Records for processing:
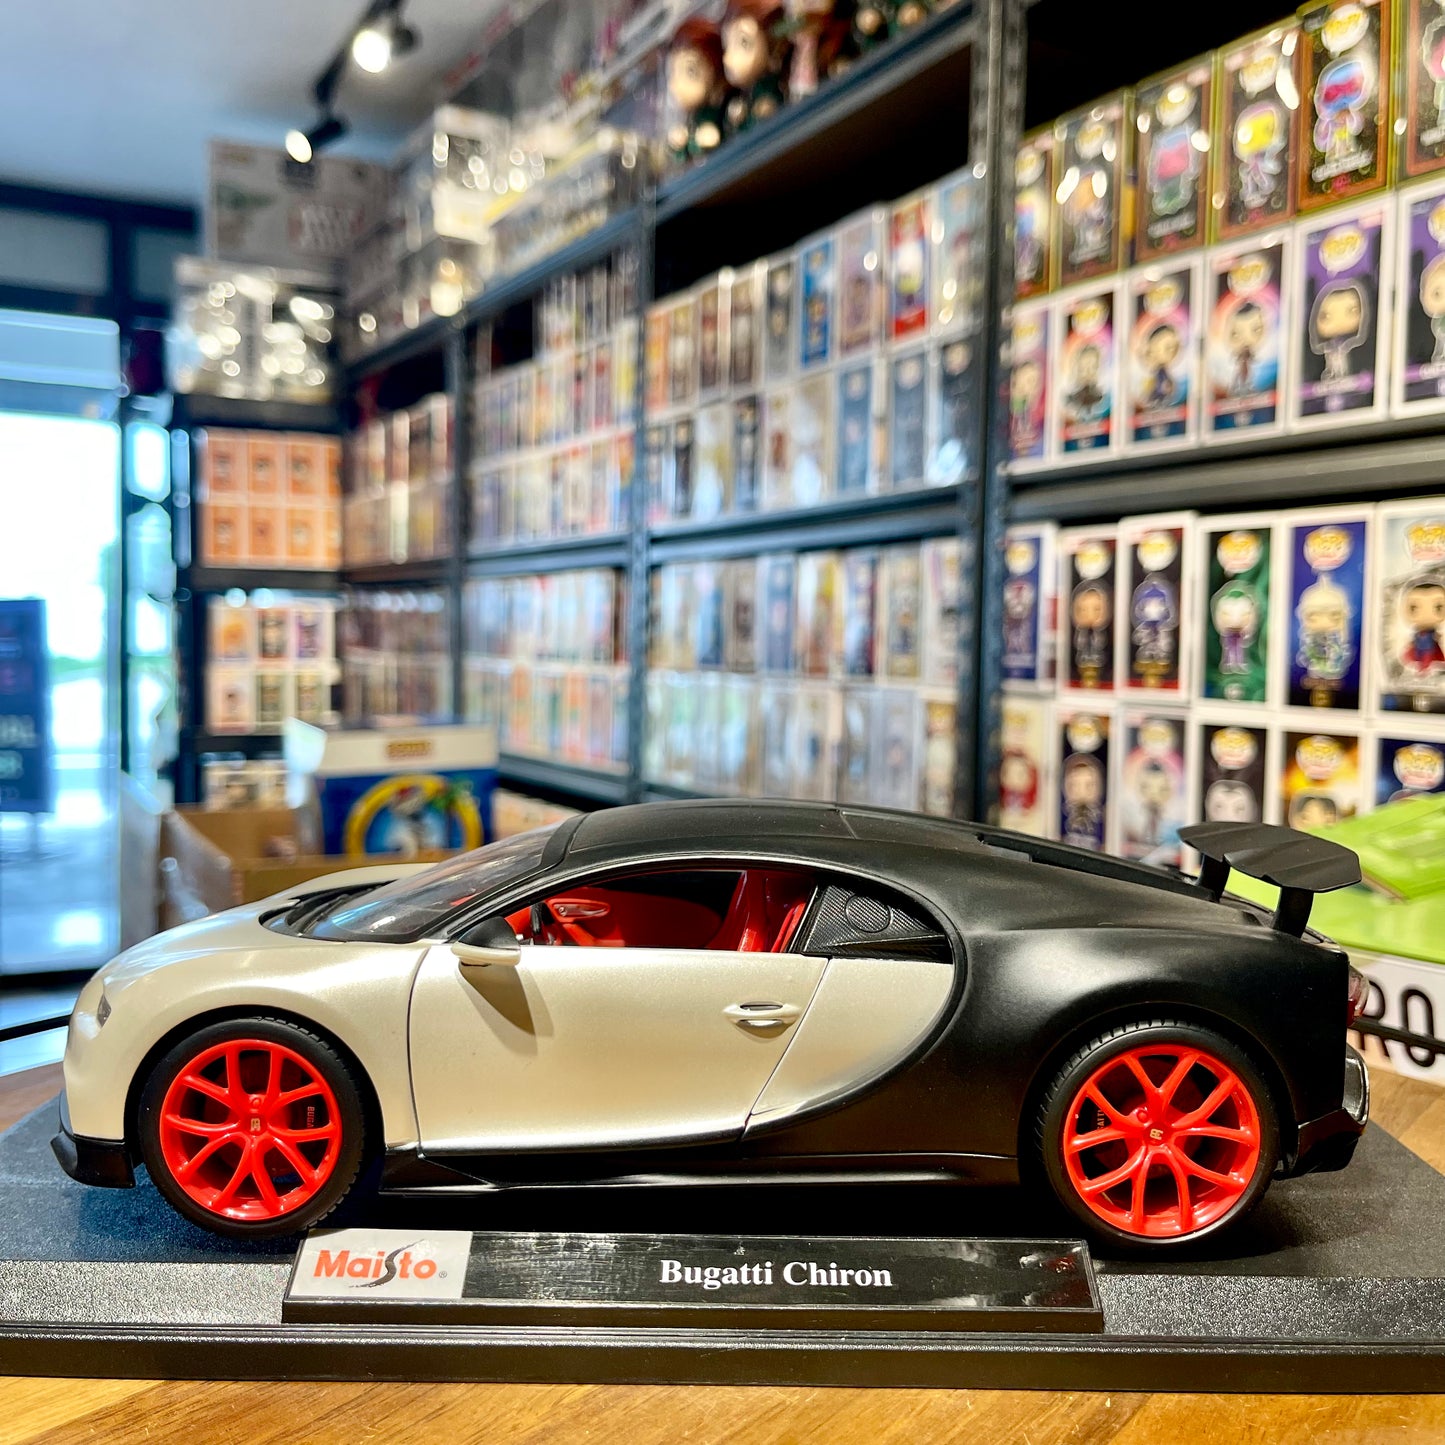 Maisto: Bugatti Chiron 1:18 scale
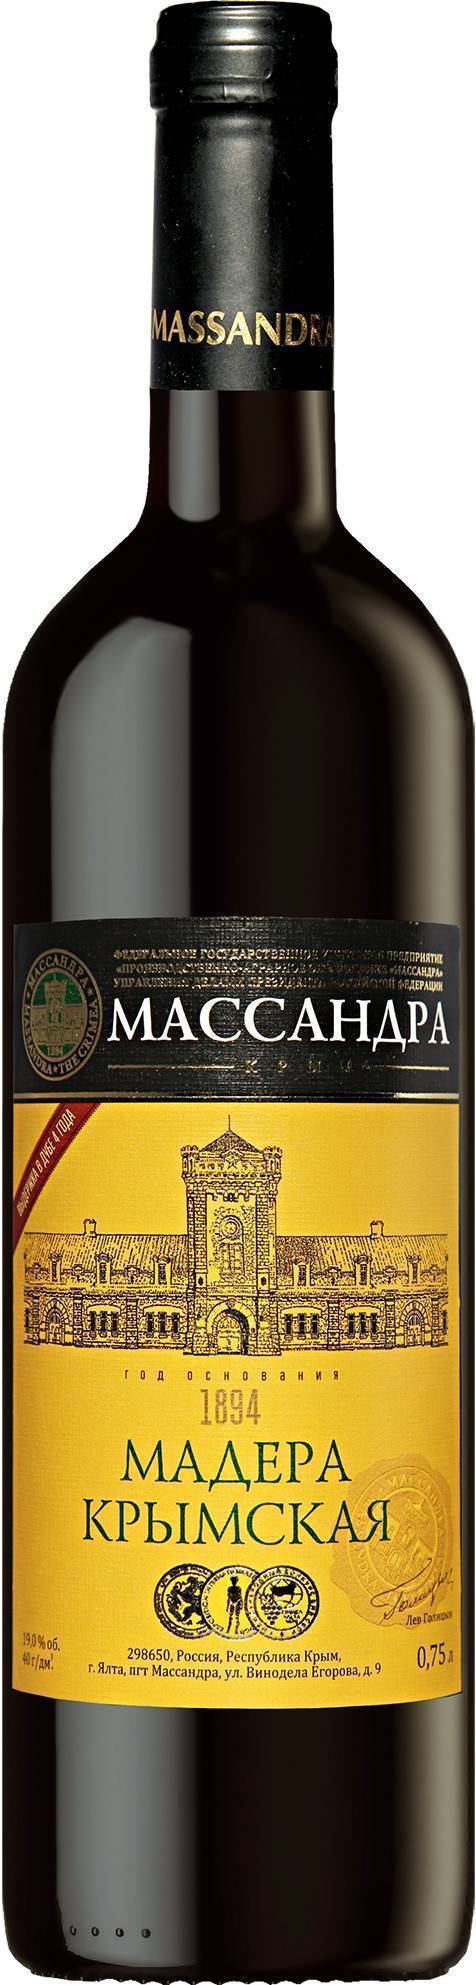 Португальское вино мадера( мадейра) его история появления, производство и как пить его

* * *

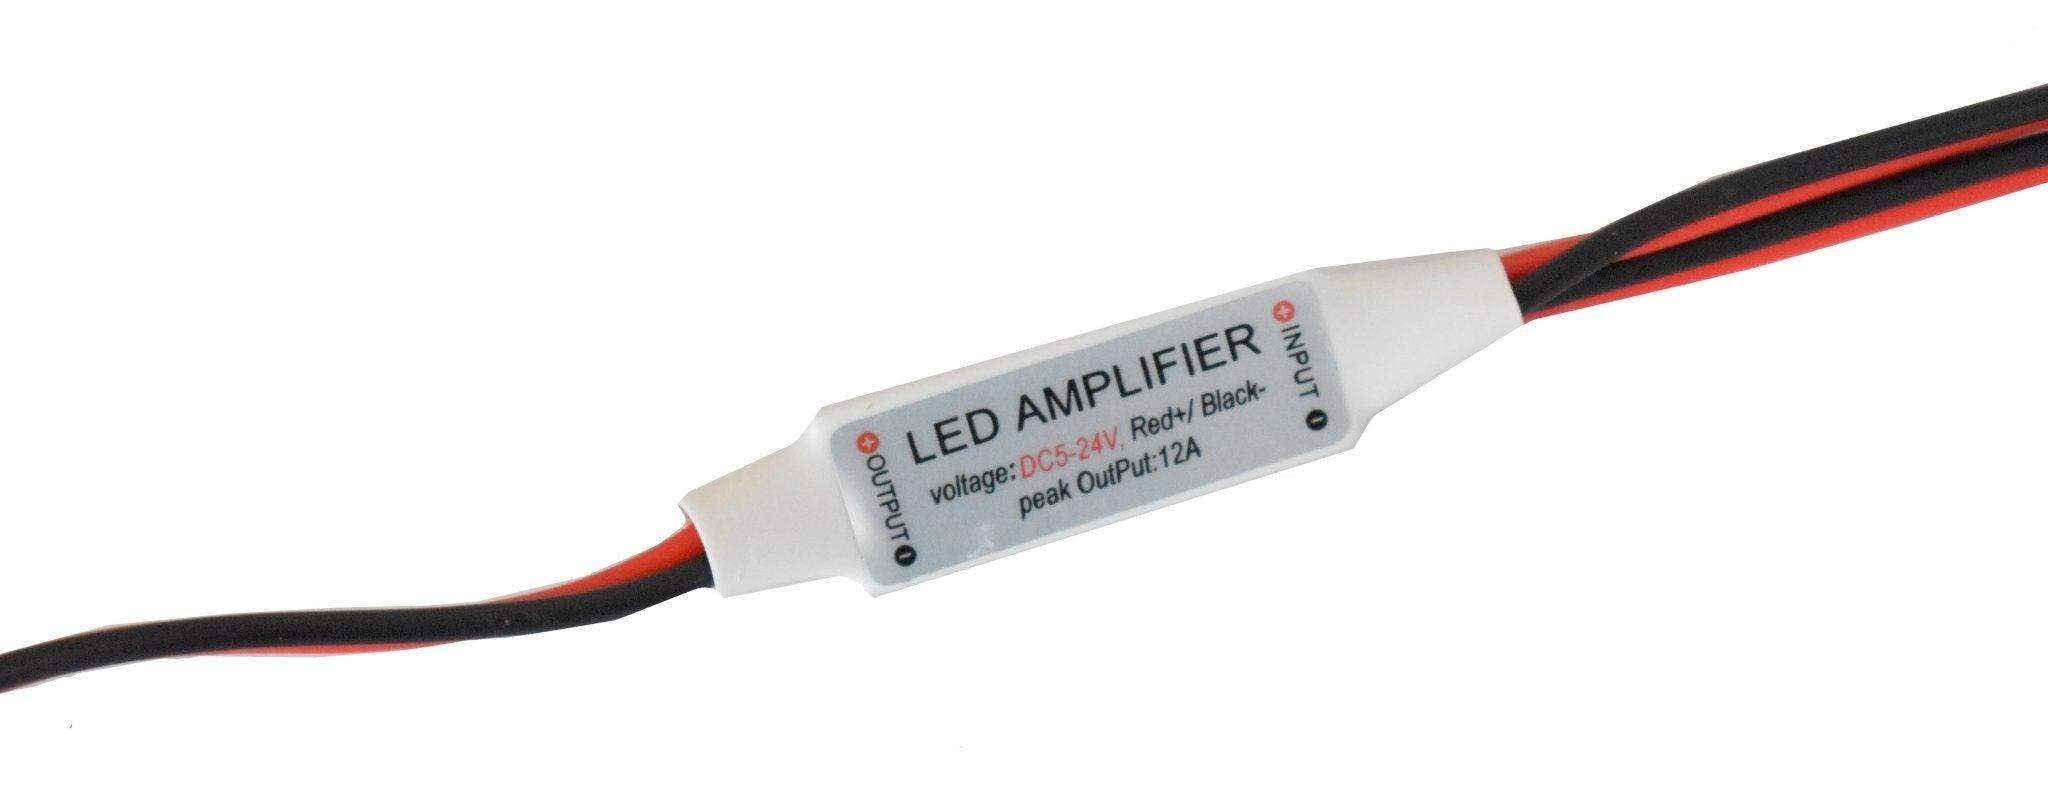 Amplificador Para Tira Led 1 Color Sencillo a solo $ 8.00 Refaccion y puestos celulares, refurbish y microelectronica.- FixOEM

Activity: Everything above from the line containing "Maisto: Bugatti Chiron 1:18 scale" through the line containing "Португальское вино мадера( мадейра)" must be repeated exactly, and the pictures must be left out.

Exercise result:
 Maisto: Bugatti Chiron 1:18 scale
 Португальское вино мадера( мадейра) его история появления, производство и как пить его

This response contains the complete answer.